Ehud Gazit (אהוד גזית; Эхуд Газит; 以笏) is an Israeli biochemist, biophysicist and nanotechnologist. He is Professor and Endowed Chair at Tel Aviv University and a member of the executive board of the university (from 2017). In 2015, he was knighted by the Italian Republic for services to science and society. In 2023 he was recently elected as the International Solvey Chair in Chemistry, a position that was previously held by 15 of the top world scientists including four Nobel laureates.

Ehud Gazit was a member of the Israeli National Council for Research and Development (NCRD) between 2014 and 2019 by an appointment of the Israeli president. From 2012 to 2014 he served as the Chief Scientist of the Israeli Ministry of Science and Technology (MOST) and the coordinator of the forum of Chief Scientists of the Israeli ministries.
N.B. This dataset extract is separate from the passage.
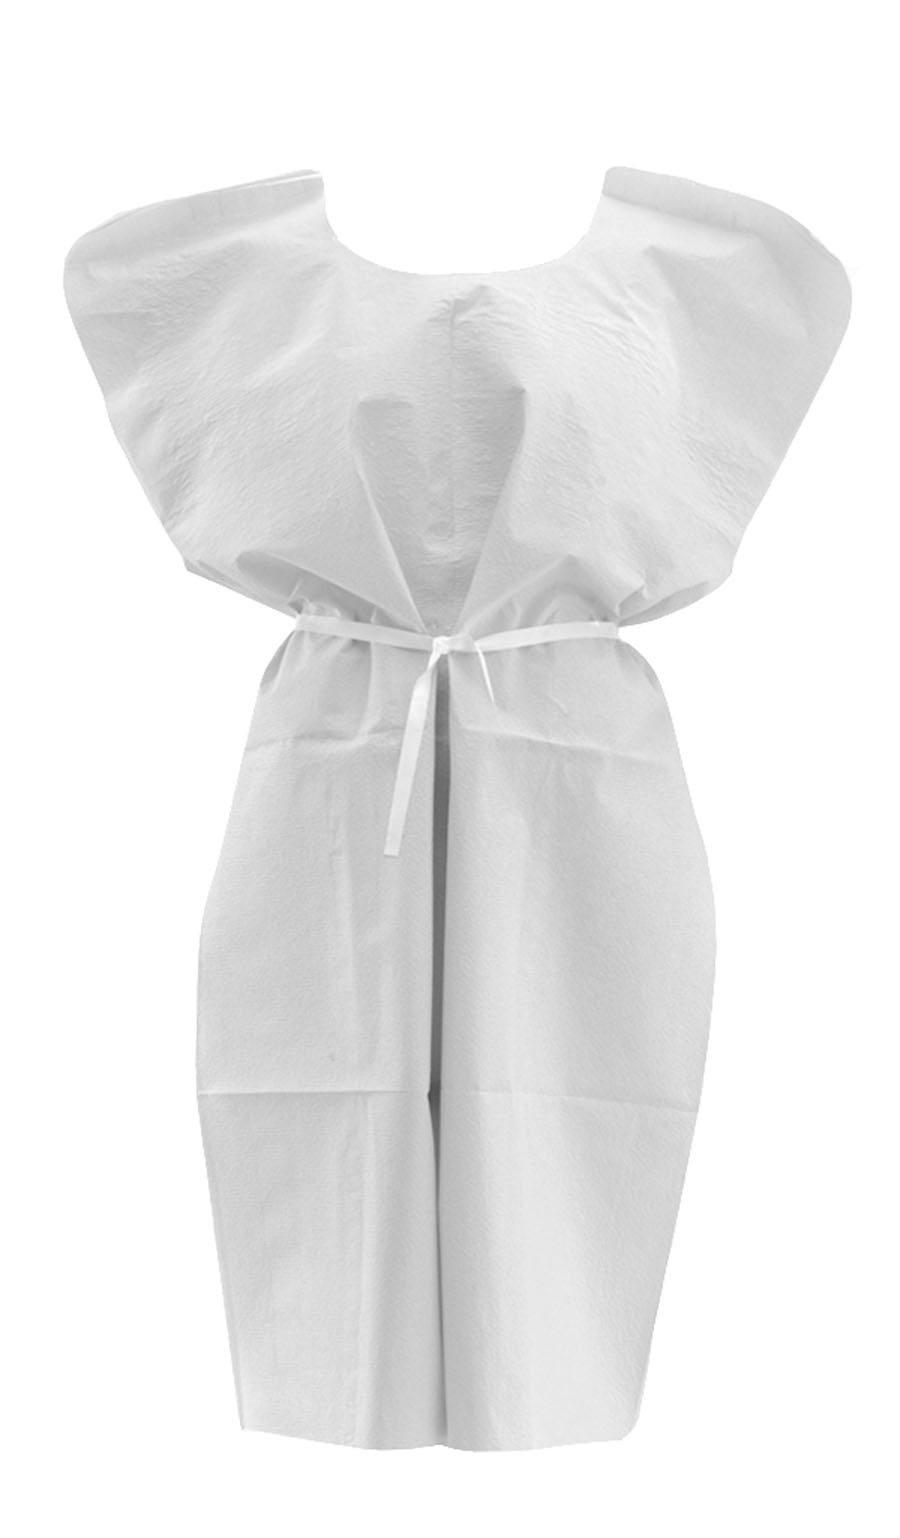 Medline NON24355 Disposable Patient Gowns, Large, White (Case of 50)

From 2008 to 2012 Gazit served as Tel Aviv University Vice President for Research and Development, and the chairman of the board of directors of Ramot Ltd., the technology transfer company of Tel Aviv University. Prior to his appointment as vice president, Gazit served in different academic and administrative positions at Tel Aviv University, including the Head of The Chemistry-Biology double major track, a member of the University Committee for Appointments and Promotions, the Head of the Academic Committee of the Ilona Rich Institute for Nano-Biology and Nano-Biotechnology, and a member of the managing board of the Center for Nanoscience and Nanotechnology.

==Academic background==
Gazit received his B.Sc. (summa cum laude) after completing his studies at the Adi Lautman Interdisciplinary Programme for Outstanding Students of Tel Aviv University, and his Ph.D. (with highest distinction) as a Clore Fellow at the Department of Membrane Research and Biophysics, Weizmann Institute of Science in 1997. For his Ph.D. work, he received the John F. Kennedy Award in 1996. He has been a faculty member at Tel Aviv University since 2000, after completing his postdoctoral studies as a European Molecular Biology Organization (EMBO) and Human Frontiers Science Program (HFSP) fellow at Massachusetts Institute of Technology (MIT) where he also had held a visiting appointment (2002–2011).

==Research==
Gazit's research focused on the study of biomolecular self-assembly. He had transformed the fields of molecular medicine by his discovery of the ability of metabolites to form ordered supramolecular assemblies, denoted as "metabolite amyloids", which share common biological, chemical, and physical characteristics. He provided evidence that these assemblies are associated with human disease, evoke an immunological response, and that their cerebral deposition is observed post mortem. This discovery resulted in a paradigm shift in the study of amyloid self-assembly, inborn errors of metabolism disorders, and neurodegenerative diseases. This achievement is a far-reaching extension of the concept of protein aggregation to include a significantly larger class of biomolecules that form generic, thermodynamically favorable, nano-architectures of a notable pathological role.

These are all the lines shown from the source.